Batch events (NDJSON)

Use Content-Type: application/x-ndjson and send multiple events, one JSON object per line. This is the recommended approach for high-traffic environments.

curl -X POST "https://webhooks.scrunchai.com/v1/sites/{site_id}/platforms/custom/web-traffic" \   -H "Content-Type: application/x-ndjson" \   -H "X-Api-Key: YOUR_API_KEY" \   -d '{"domain":"example.com","user_agent":"Mozilla/5.0 (compatible; GPTBot/1.0)","url":"https://example.com/page-1","path":"/page-1","method":"GET","status_code":200,"timestamp":1700000000} {"domain":"example.com","user_agent":"Mozilla/5.0 (compatible; ClaudeBot/1.0)","url":"https://example.com/page-2","path":"/page-2","method":"GET","status_code":200,"timestamp":1700000060,"response_time":95,"ip":"198.51.100.42"}'

A successful request returns:

{   "status": "ok" }

ℹ️ For the full API reference, including all parameters, response codes, and schema details, see the Custom Web Traffic API reference.

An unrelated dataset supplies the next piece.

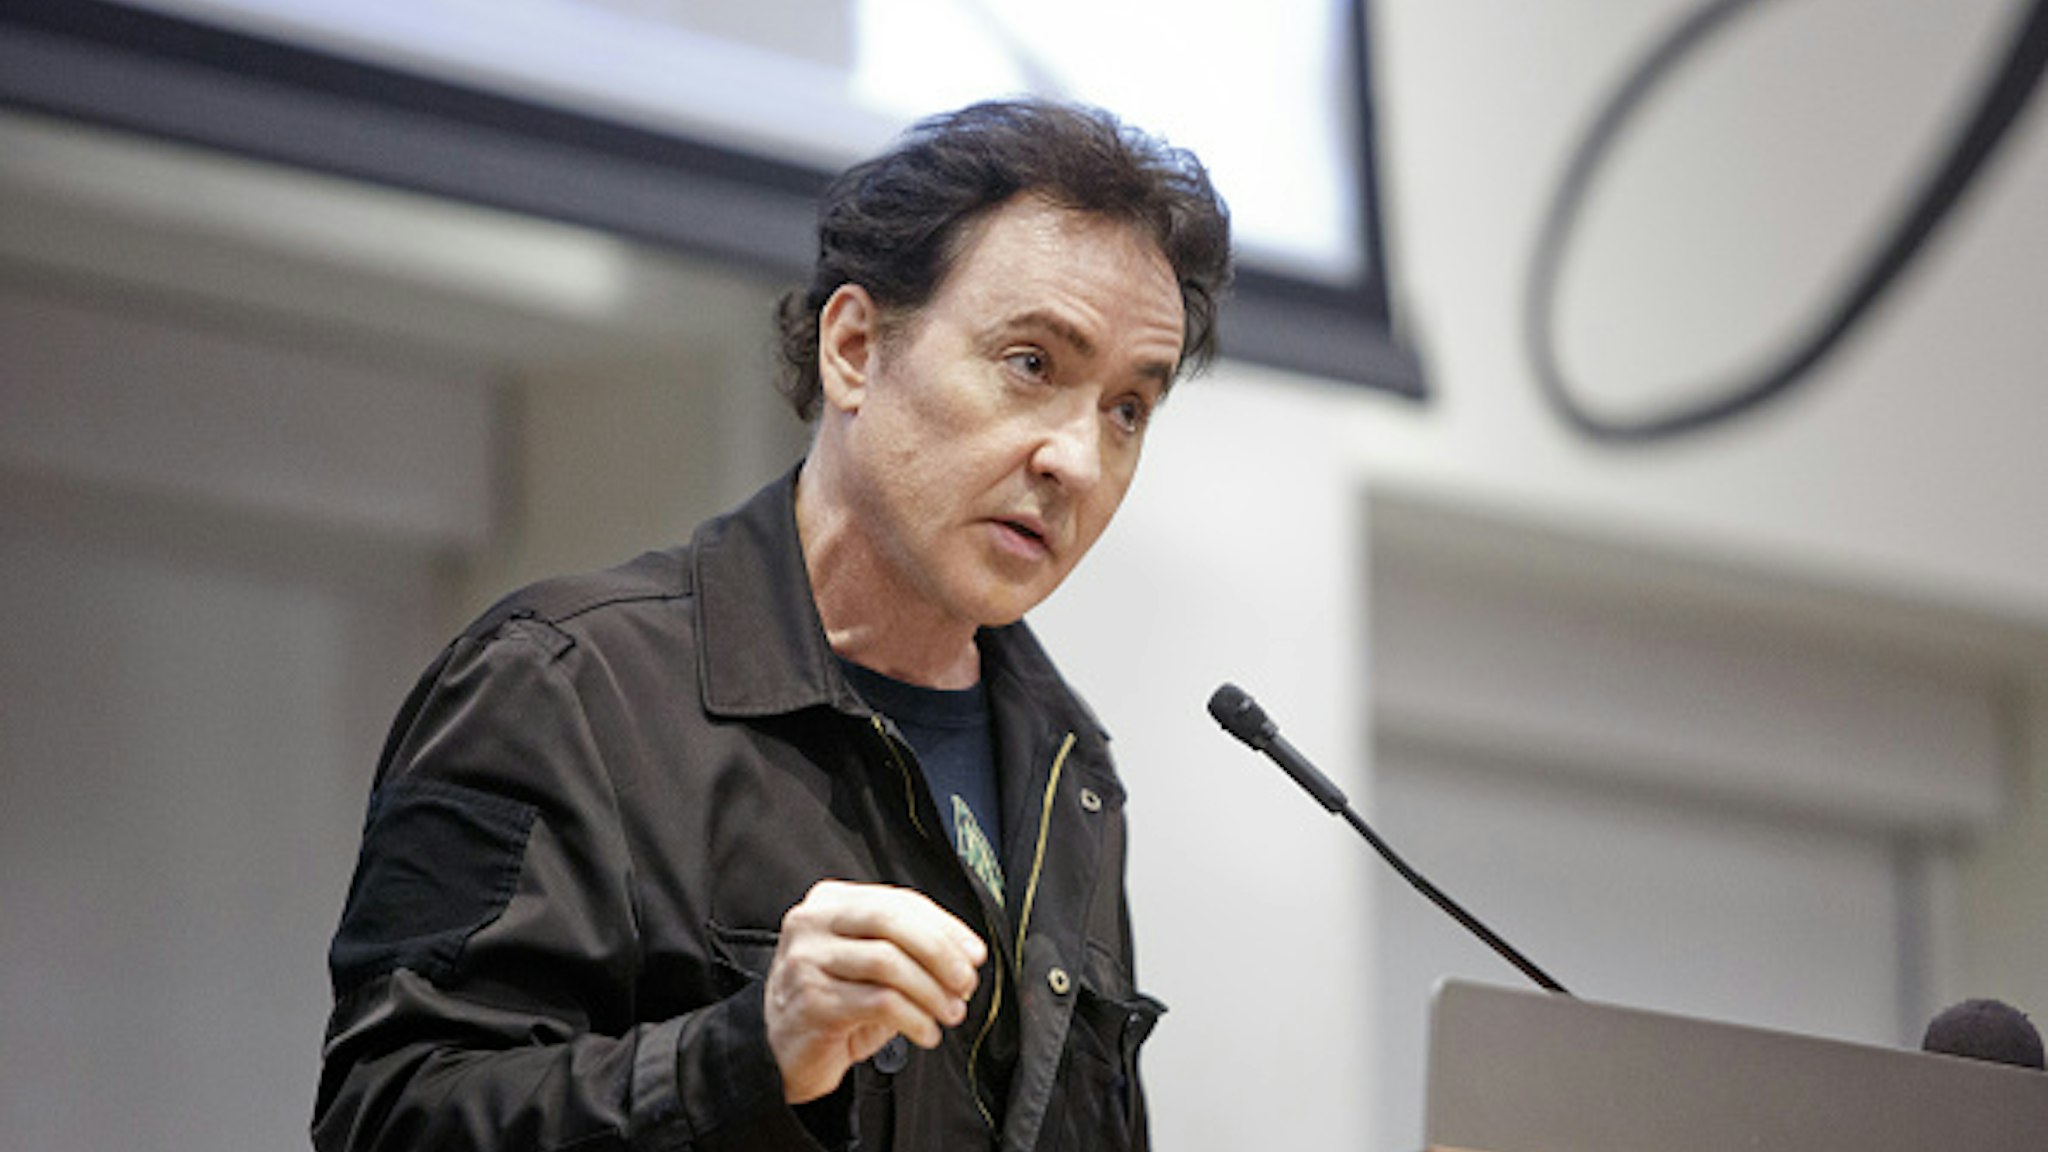 Actor John Cusack speaks during a Chicago Teachers Union Strike Authorization Vote Rally in Chicago, Illinois, U.S., on Tuesday, Sept. 24, 2019. Mayor Lori Lightfoot has been studying lots of numbers as she prepares Chicago's budget, and her first big test may come from the citys teachers this week.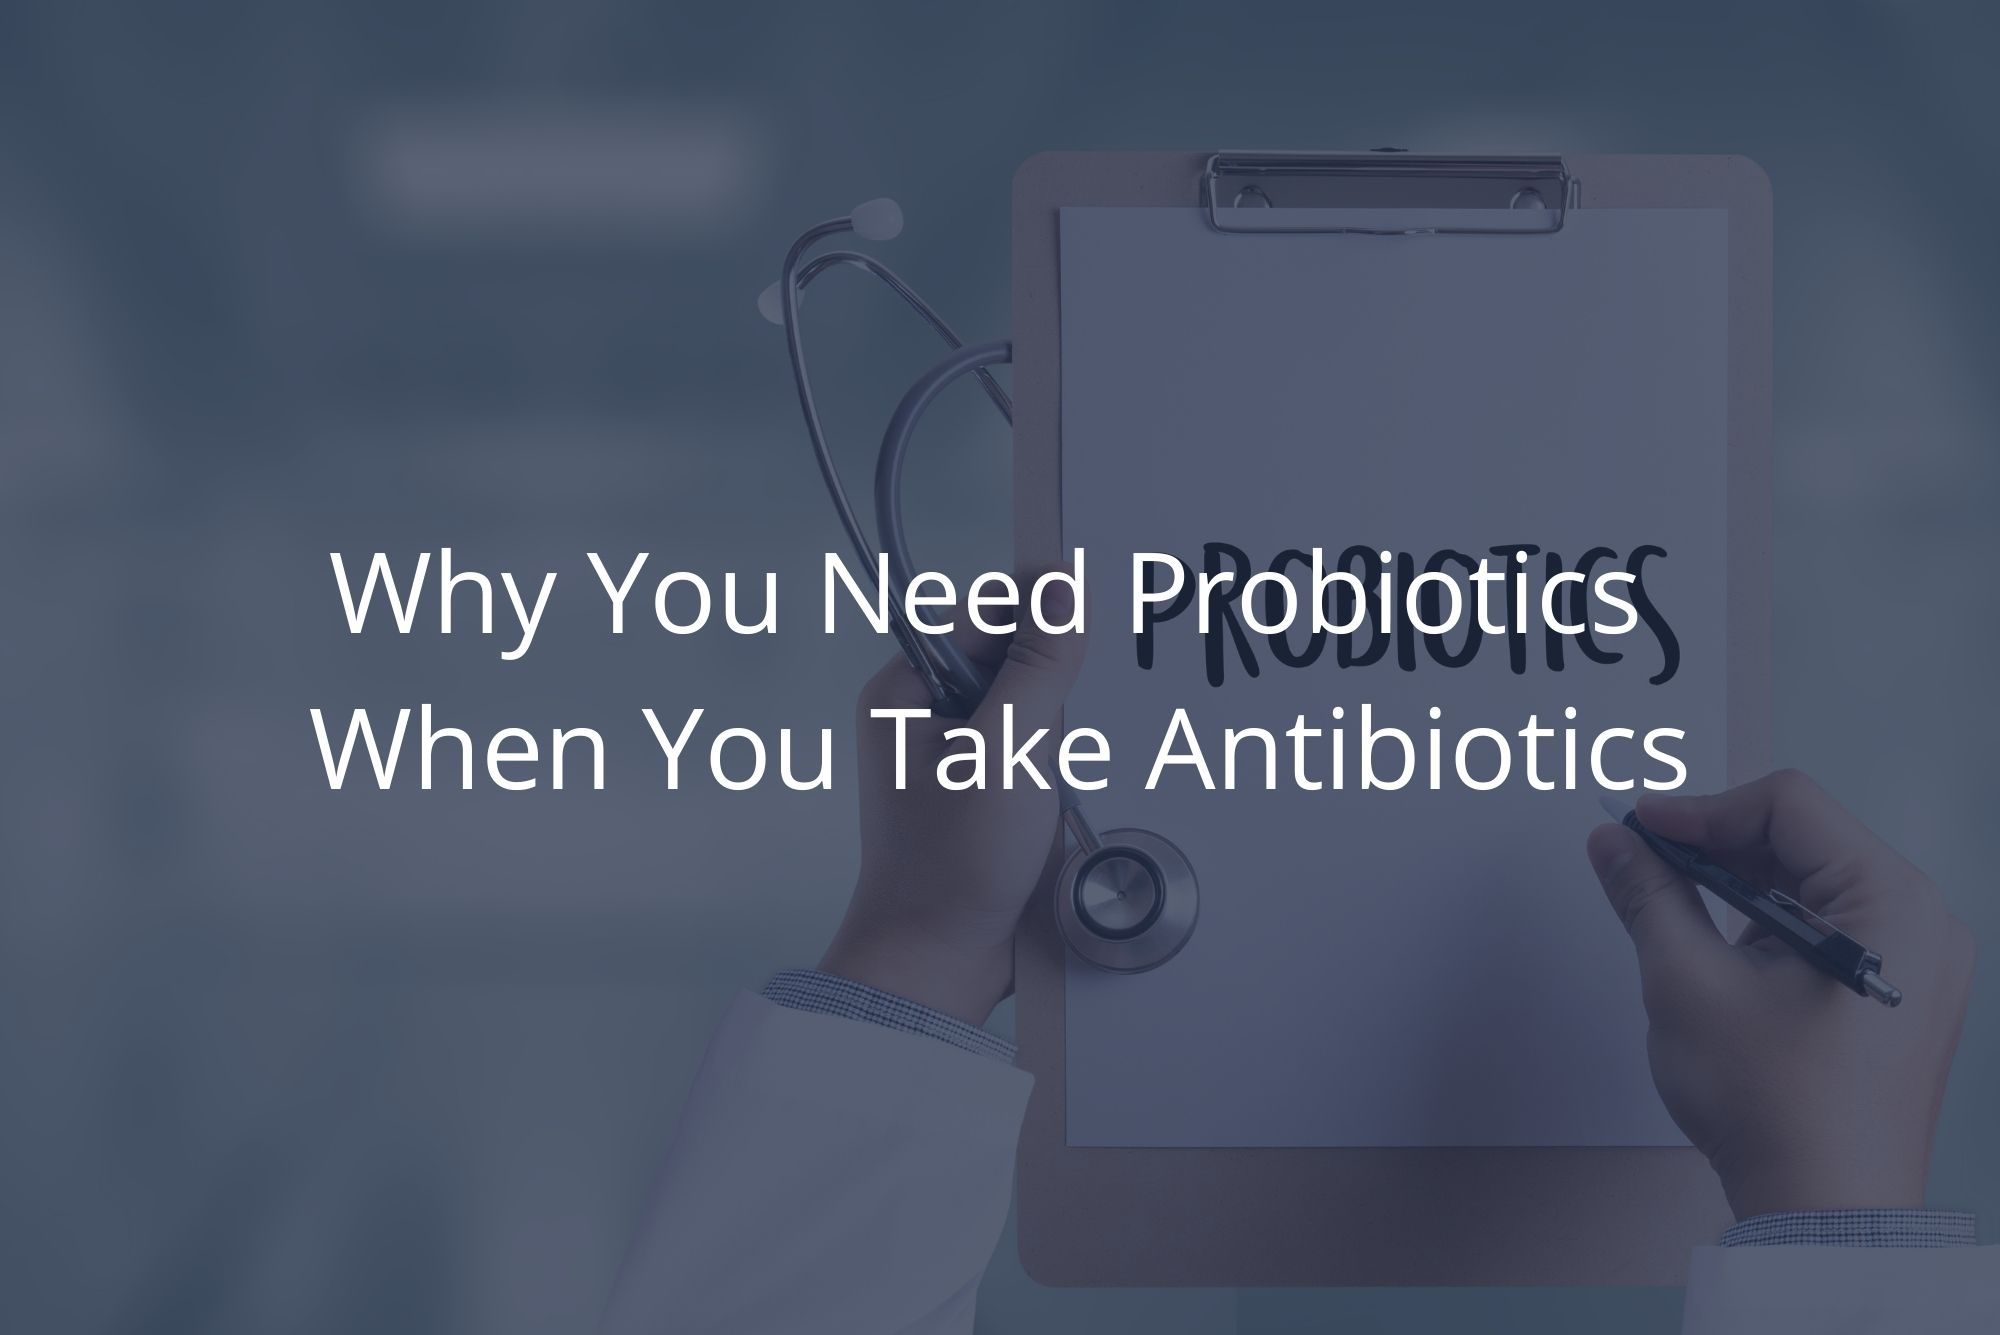 A physician holding a clipboard writes on a piece of paper to tell a patient that they can take probiotics with antibiotics.

Step 4: Verify your integration

Wait up to 5 minutes for your site to show as Active in Scrunch. If you don't see traffic, test with a known bot User-Agent string:

curl -X POST "https://webhooks.scrunchai.com/v1/sites/{site_id}/platforms/custom/web-traffic" \   -H "Content-Type: application/json" \   -H "X-Api-Key: YOUR_API_KEY" \   -d '{     "domain": "yourdomain.com",     "user_agent": "Mozilla/5.0 (compatible; GPTBot/1.0; +https://openai.com/gptbot)",     "url": "https://yourdomain.com/test-page",     "path": "/test-page",     "method": "GET",     "status_code": 200,     "timestamp": 1700000000   }'

This will send a sample event to confirm your credentials and pipeline are working.

👉 Once configured, your integration will continuously stream traffic logs to Scrunch, giving you real-time visibility into how LLM bots interact with your content.

Troubleshooting and Tips

Don't see any traffic after integrating?

Ensure the Webhook URL and API Key match exactly what's shown in your Scrunch app.
Check that your Content-Type header matches the body format (application/json for single events, application/x-ndjson for batches).
Confirm your timestamp is a Unix epoch in seconds, not milliseconds.
Confirm you included all required fields (see Step 2).
Wait 5–10 minutes after the first successful request.

Getting a 422 error?

Validate your request body against the schema in Step 2.
Make sure status_code is an integer (not a string like "200").
Make sure timestamp is a number, not an ISO string.

Getting a 429 error?

You're being rate limited. Implement exponential backoff and respect the Retry-After response header.

Tips for better results

Use NDJSON batching to reduce request overhead for high-traffic sites.
Keep batch sizes under 1 MB uncompressed for optimal performance.
Always pass the original, unmodified User-Agent string from the incoming request — Scrunch uses it to classify the bot.
Exclude paths for static assets (CSS, JS, images) if you want cleaner data focused on content pages.
Include paths that serve PDFs — AI bots often request them.
If you manage multiple sites, repeat the process for each site in Scrunch. Never reuse credentials across sites.